# No SInE strategy applied
# Trying AutoSched0 for 161 seconds
# AutoSched0-Mode selected heuristic G_E___208_C18_F1_SE_CS_SP_PS_S084A
# and selection function SelectCQIArNT.
#
# Preprocessing time       : 0.028 s
# Presaturation interreduction done

# Proof found!
# SZS status Theorem
# SZS output start CNFRefutation
fof(t7_field_16, conjecture, ![X1]:((v7_ordinal1(X1)&v1_int_2(X1))=>![X2]:((v7_ordinal1(X2)&v1_int_2(X2))=>![X3]:(v7_ordinal1(X3)=>![X4]:(v7_ordinal1(X4)=>(k1_newton(X1,X3)=k1_newton(X2,X4)=>((X3=k5_numbers&X4=k5_numbers)|(X1=X2&X3=X4))))))), file('field_16/field_16__t7_field_16', t7_field_16)).
fof(t3_nat_3, axiom, ![X1]:(v7_ordinal1(X1)=>![X2]:(v7_ordinal1(X2)=>(X1!=k5_numbers=>r1_nat_d(X2,k1_newton(X2,X1))))), file('field_16/field_16__t7_field_16', t3_nat_3)).
fof(t6_nat_3, axiom, ![X1]:(v7_ordinal1(X1)=>![X2]:((v7_ordinal1(X2)&v1_int_2(X2))=>![X3]:((v7_ordinal1(X3)&v1_int_2(X3))=>(r1_nat_d(X3,k1_newton(X2,X1))=>X3=X2)))), file('field_16/field_16__t7_field_16', t6_nat_3)).
fof(fc4_newton, axiom, ![X1, X2]:((v7_ordinal1(X1)&v7_ordinal1(X2))=>v7_ordinal1(k1_newton(X1,X2))), file('field_16/field_16__t7_field_16', fc4_newton)).
fof(t2_nat_6, axiom, ![X1]:((~(v1_zfmisc_1(X1))&v7_ordinal1(X1))=>![X2]:(v7_ordinal1(X2)=>![X3]:(v7_ordinal1(X3)=>~((~(r1_xxreal_0(X2,X3))&r1_xxreal_0(k1_newton(X1,X2),k1_newton(X1,X3))))))), file('field_16/field_16__t7_field_16', t2_nat_6)).
fof(reflexivity_r1_xxreal_0, axiom, ![X1, X2]:((v1_xxreal_0(X1)&v1_xxreal_0(X2))=>r1_xxreal_0(X1,X1)), file('field_16/field_16__t7_field_16', reflexivity_r1_xxreal_0)).
fof(cc2_xxreal_0, axiom, ![X1]:(v7_ordinal1(X1)=>v1_xxreal_0(X1)), file('field_16/field_16__t7_field_16', cc2_xxreal_0)).

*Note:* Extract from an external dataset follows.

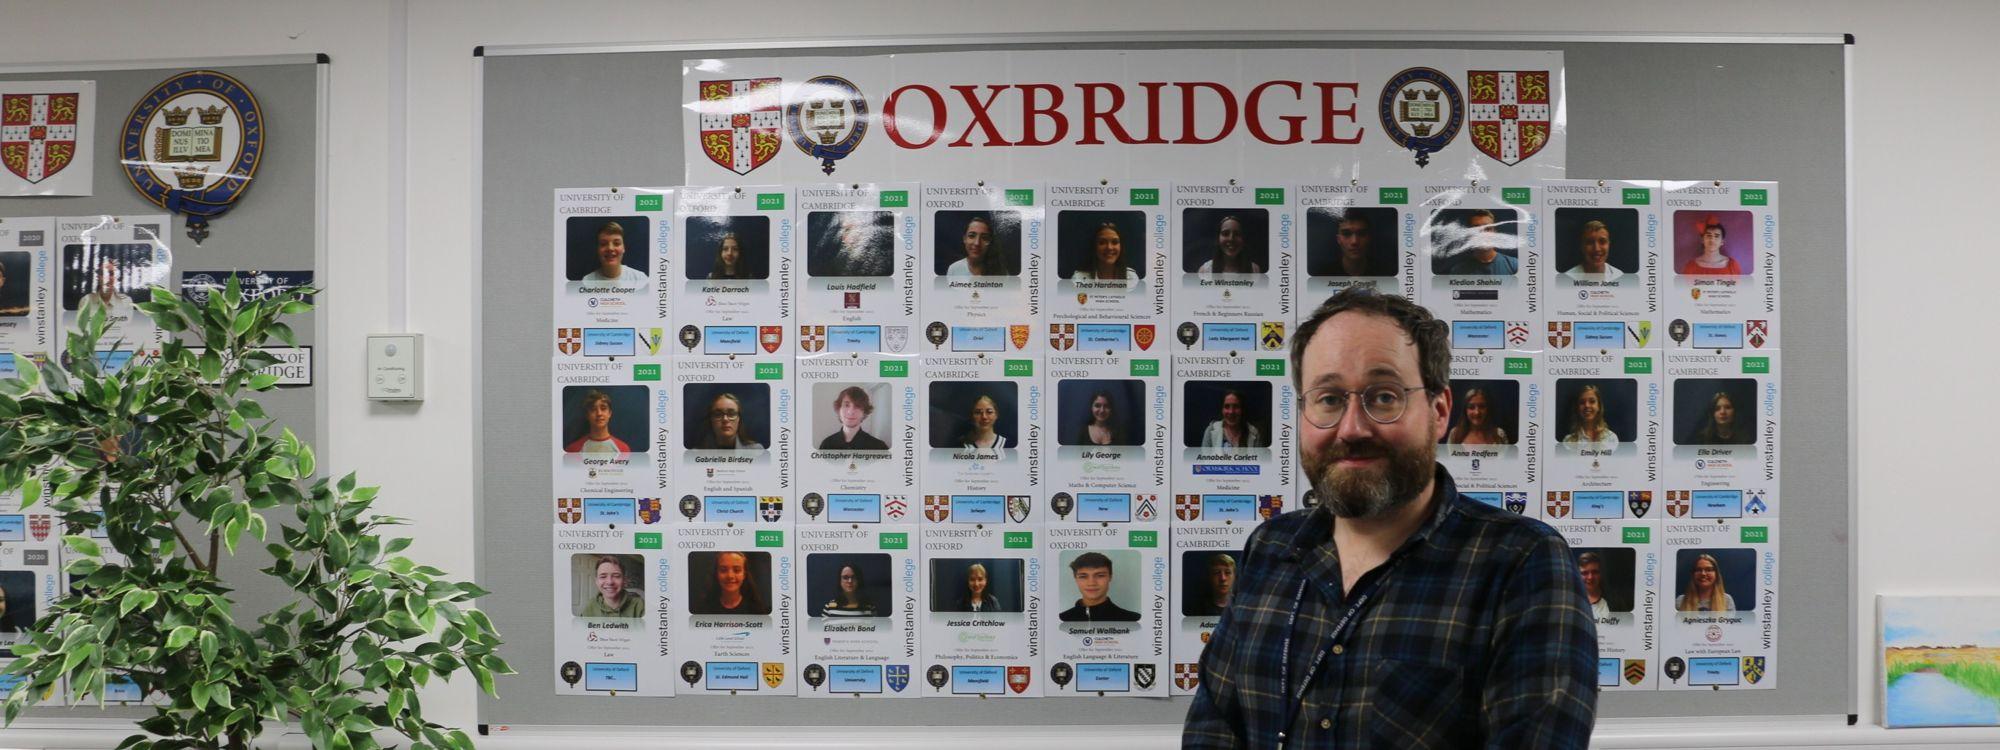 Matt Oxbridge

fof(rc1_ring_5, axiom, ?[X1]:(((((((((((((~(v1_zfmisc_1(X1))&v1_ordinal1(X1))&v2_ordinal1(X1))&v3_ordinal1(X1))&v7_ordinal1(X1))&v1_xreal_0(X1))&v1_int_1(X1))&v2_int_1(X1))&v1_finset_1(X1))&v1_card_1(X1))&v1_xxreal_0(X1))&~(v3_xxreal_0(X1)))&v1_xcmplx_0(X1))&~(v1_int_2(X1))), file('field_16/field_16__t7_field_16', rc1_ring_5)).
fof(cc1_nat_6, axiom, ![X1]:((v7_ordinal1(X1)&v1_int_2(X1))=>(~(v1_zfmisc_1(X1))&v7_ordinal1(X1))), file('field_16/field_16__t7_field_16', cc1_nat_6)).
fof(t1_xxreal_0, axiom, ![X1]:(v1_xxreal_0(X1)=>![X2]:(v1_xxreal_0(X2)=>((r1_xxreal_0(X1,X2)&r1_xxreal_0(X2,X1))=>X1=X2))), file('field_16/field_16__t7_field_16', t1_xxreal_0)).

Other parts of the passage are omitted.